Jupyter Notebooks and Numerical Python

Jupyter Notebooks and Numerical Python#

Jupyter Notebooks#

Jupyter is an interactive front-end to a rich ecosystem of python packages that support machine learning and data science tasks. We will use the core set of packages shown below for this course:

All course notebooks begin with some preamble code to import and configure some frequently used packages:

%matplotlib inline
import matplotlib.pyplot as plt
import seaborn as sns; sns.set_theme()
import numpy as np
import pandas as pd

You might see a warning about “building the font cache” if this is your first time using the course conda environment, but any other message probably indicates that you do not have your environment set up correctly yet.

Here are the actual package versions we are using:

import matplotlib
print('matplotlib', matplotlib.__version__)
print('seaborn', sns.__version__)
print('numpy', np.__version__)
print('pandas', pd.__version__)

matplotlib 3.10.0
seaborn 0.13.2
numpy 2.2.2
pandas 2.2.3

You will get plenty of experience with notebooks during this course so we will start with just a few basic survival skills. For a deeper dive, start with IPython: Beyond Normal Python in the Python Data Science Handbook.

Type command? to display help on command. Try this now for the built-in range function then dismiss the help window.

Hit the tab key to display possible completions of a partial name. Try this now by typing np.arc below then hitting TAB.

Your notebook will sometimes be unresponsive while executing a long command that you don’t want to wait for.

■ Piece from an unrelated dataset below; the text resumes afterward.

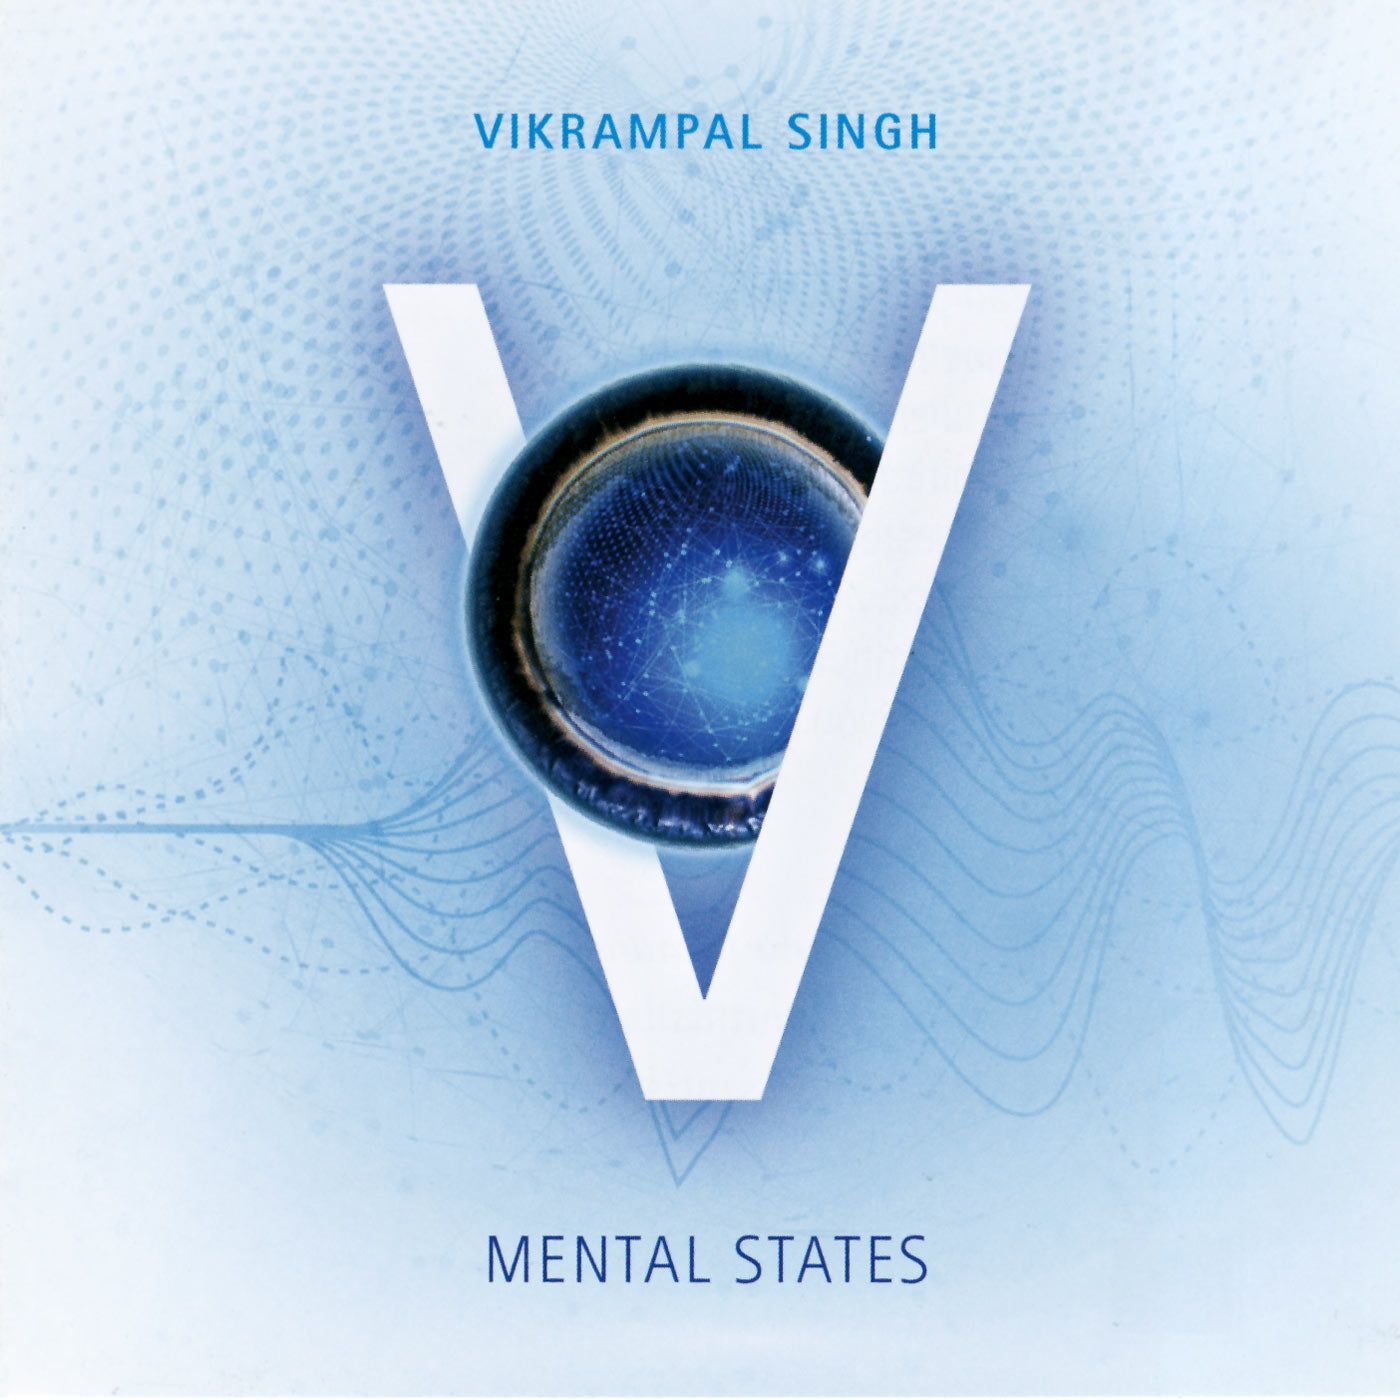 Mental States - Vikrampal Singh complete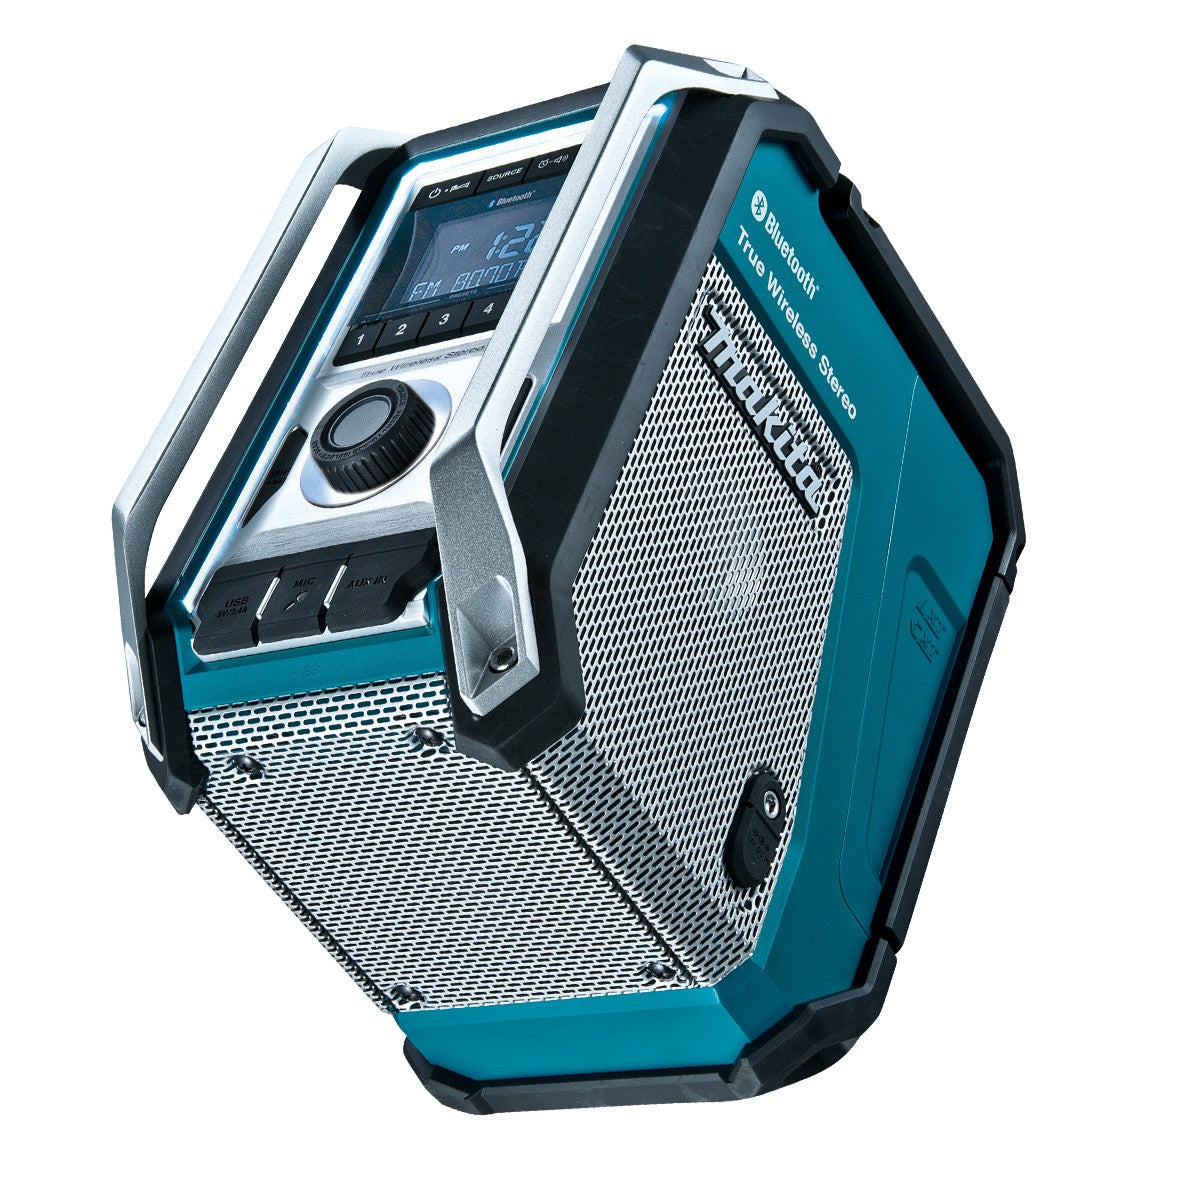 40V Bluetooth Jobsite Radio Bare (Tool Only) MR005GZ by Makita

Use the Interrupt command in the Kernel menu to recover from situations like this. Try this out now by:

Uncomment the time.sleep(3600) line below, which sleeps for an hour.
Execute the cell and note the In [*] to the left while it is running.
Interrupt the kernel.

import time
#time.sleep(3600)

In more extreme cases you may need to use the Restart command, which puts your kernel in a well-defined initial state (good) but also forgets any variables or functions you have already defined (bad). Try this now by:

Re-running the sleep cell above.
Restarting the kernel. Note that this leaves [*] next to the cell, which is misleading.
Comment out the time.sleep(3600) line above.
Rebuild the kernel state using Run All Above from the Cell menu. This fixes the [*].

Numerical Python#

This section introduces the “numpy” package. For further reading, see Introduction to NumPy in the Python Data Science Handbook.

Rationale#

The problem that numpy addresses is that python lists are very flexible, but not optimized for the special case where all list elements are numeric values of the same type, which can be very efficiently organized in memory. Numpy provides a specialized array with lots of nice features. One downside of this approach is that most of builtin math functions are duplicated (e.g., math.sin and np.sin) to work with numpy arrays.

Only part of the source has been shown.